Why bringing back the Woolly Mammoth is bad news for humans
It was reported last week that scientists are close to bringing back the Woolly Mammoth. Undoing the extinction of a beast that vanished 4000 years ago and engineering its return (in some form) is an incredible scientific feat, but it also raises broader questions about permanence, and in turn the survival of our planet.
Many of us already live in a Command-Z culture. This is the idea that almost anything can be undone: from buying a replacement toy or bit of clothing to backing up in the cloud to avoid data loss. Even an incorrectly swiped Tinder match can be amended, for a fee. Mass production and digitisation of content have made big changes in how those with access can deal with their mistakes.
“The only real mistake is the one from which we learn nothing.”
While this enables a level of simplicity (as well as the many benefits of a safety net) that we have come to expect from the world on the internet, it omits an important process. Mistakes are a form of friction that help us evaluate other potential outcomes and perspectives. They often ask important questions about ourselves and the decisions we make. Loss, never lurking far from a mistake in some form or another, helps us to understand something’s value. Command-Z culture changes the way we experience these things. As Henry Ford is famously quoted in saying, “The only real mistake is the one from which we learn nothing.” While often tough in the moment, friction can be a rich soil for learning.
Mistakes still exist, of course, and the internet has become the perfect stage for them.

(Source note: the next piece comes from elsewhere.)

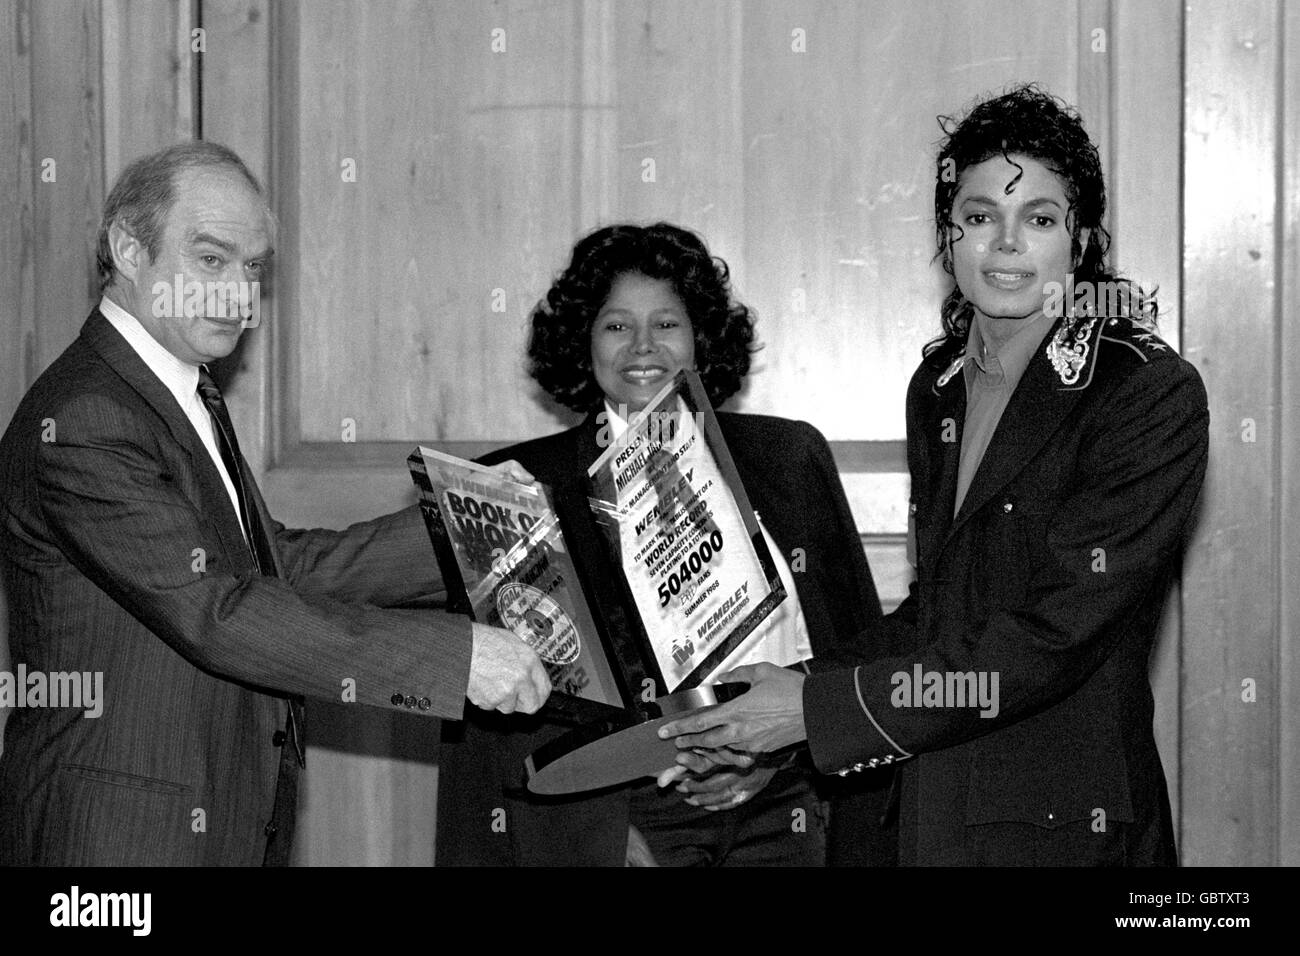 Brian Wolfson, presidente del Wembley Stadium, presenta alla pop star Michael Jackson un premio speciale per celebrare i sette spettacoli di sell-out del cantante a Wembley durante il suo tour nel Regno Unito. La madre della stella, Katherine Jackson, guarda la presentazione al Mayfair Hotel di Londra. Foto Stock

Bad selfies and embarrassing posts can be a daily occurrence but for a few this has meant learning the hard way: mention “ebay yellow dress” or “penis beaker” to a group of friends and it’s likely they’ll be able to tell you the story. Events like these live in the domain of the #fail: comedy fodder often lacking in any form of empathy.
In this Command-Z mindset, few things remain sacred and out of reach: one of them is life and one of them is the planet; a fact we are all learning quickly, but nowhere near quickly enough. This is a time when such serious matters cannot be taken lightly. Yet it is also a time when Scott Pruitt, a climate change sceptic, has recently been sworn in to lead the US Environmental Protection Agency and the Paris climate Agreement looks shakier than ever.
Looking a little deeper at the everyday aspects of Command-Z culture, the realities are often very different from the cleanliness of a simple key-stoke: the toys we replace mean more plastics going into the ground or sea, and cloud computing has rapidly become one of the biggest carbon producers.
The mammoth sits as a totem of extinction. Perhaps only seconded by the Dodo, which casts the ignorance and greed of humans as leading roles in its demise. These are important symbols. We need them to remind us that the bad decisions we might be making now, should not be treated as reversible. If we think anything can be undone, then in can be crudely used to undermine a case to stop it in the first place. Mistakes and the scars that come from them are how we learn, and until we have done this, we really need them.